Zwei Stunden später waren wir dann wieder im Haus meines Freundes und ich hörte das erste Mal von der Writers´ Week und hatte keine Ahnung, was mich erwartet. Das ist ein Side-Festival zum Adelaide Festival, bei dem es zwei Bühnen gibt, auf denen verschiedene Autoren ihre Werke vorstellen oder über aktuelle politische und zeitgeschichtliche Ereignisse sprechen. Natürlich kann man auch Bücher kaufen und mit vielen Leuten reden. Sofort danach machten wir uns auf dem Weg mit dem Zug, welcher ca. eine Stunde benötigte um dorthin zu gelangen. Da das Festival mitten im Zentrum war, konnte ich dieses zum ersten Mal bewundern. Adelaide ist wirklich schön. Es gibt überall Grünflächen, ja ein ganzer Grünflächengürtel umringt die Innenstadt. Wunderschön.
Auf dem Festivalgelände durfte ich mir zuerst etwas über das Kastensystem von Indien anhören. Dort wurde vor Jahrhunderten ein klassistisches Diskriminierungssystem eingeführt, was seines Gleichen sucht. Es gab noch weitere Vorträge darüber, wie man am Besten schreibt, was mir sehr geholfen hat.
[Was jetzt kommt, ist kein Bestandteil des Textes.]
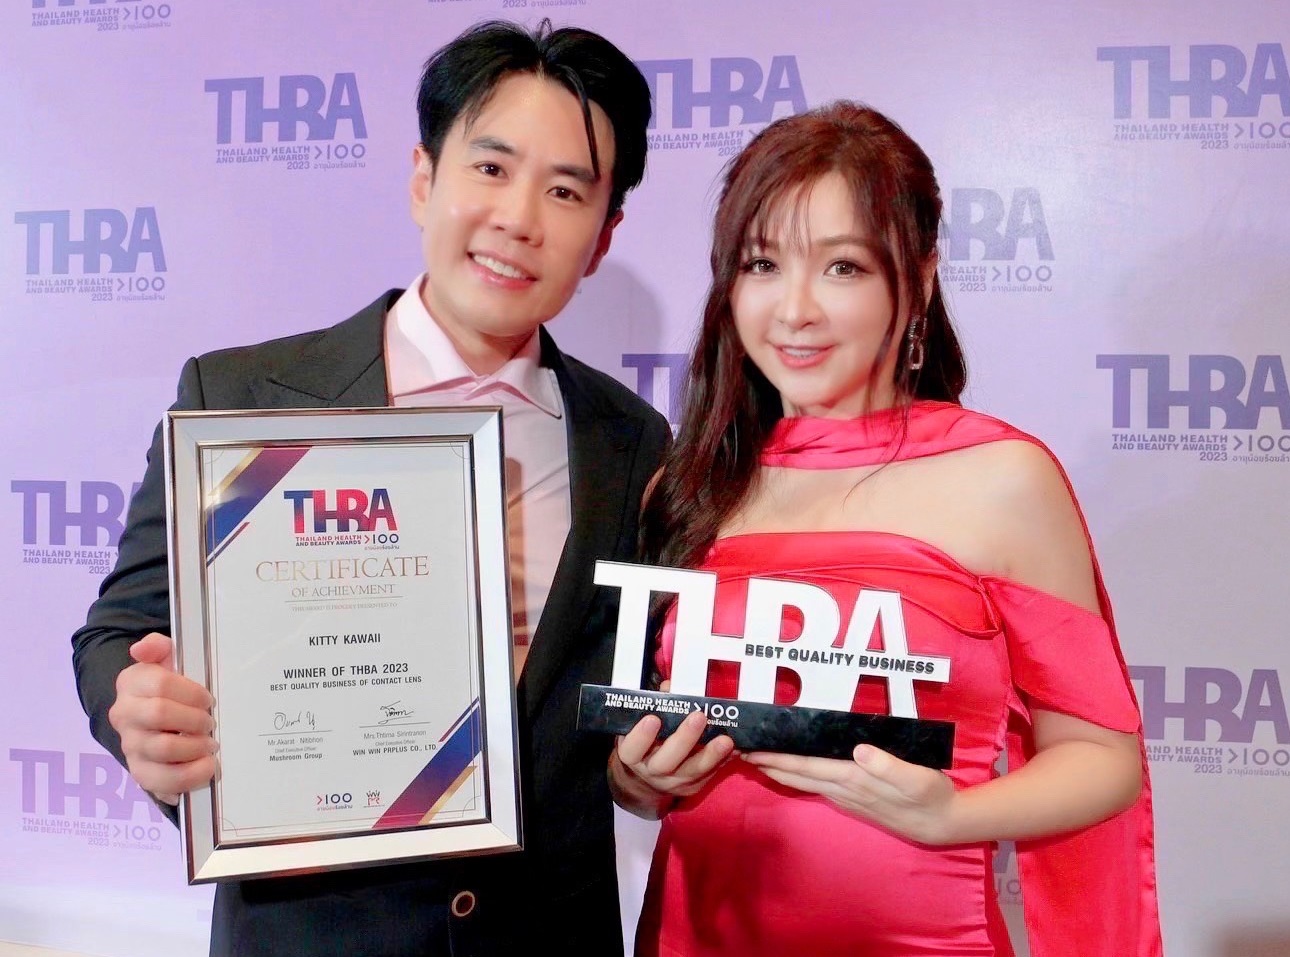 ข่าวอีเว้นท์ - คิตตี้ คาวาอิ คอนแทคเลนส์ รับรางวัล “Best Quality Business Of Contact Lens” ในงาน “THAILAND HEALTH AND BEAUTY AWARDS 2023”

Zum Beispiel nehmen es Menschen mehr an, wenn man immer eine persönliche Geschichte präsentiert, als wenn man etwas pauschal berichtet. Das wusste ich natürlich bereits, aber es ist immer gut, sein Wissen noch einmal aufzufrischen. Danach ging es weiter mit Geschichten von einem pakistanischen Autor, welcher trotz zahlreicher Todesdrohungen und echten Problemen, weiterhin in Pakistan leben will und das Beste daraus machen wird. Das schlug sich auch auf seinen Erzählstil nieder. Ich erlebte lange nicht mehr so viel Galgenhumor wie von ihm. Respekt dafür.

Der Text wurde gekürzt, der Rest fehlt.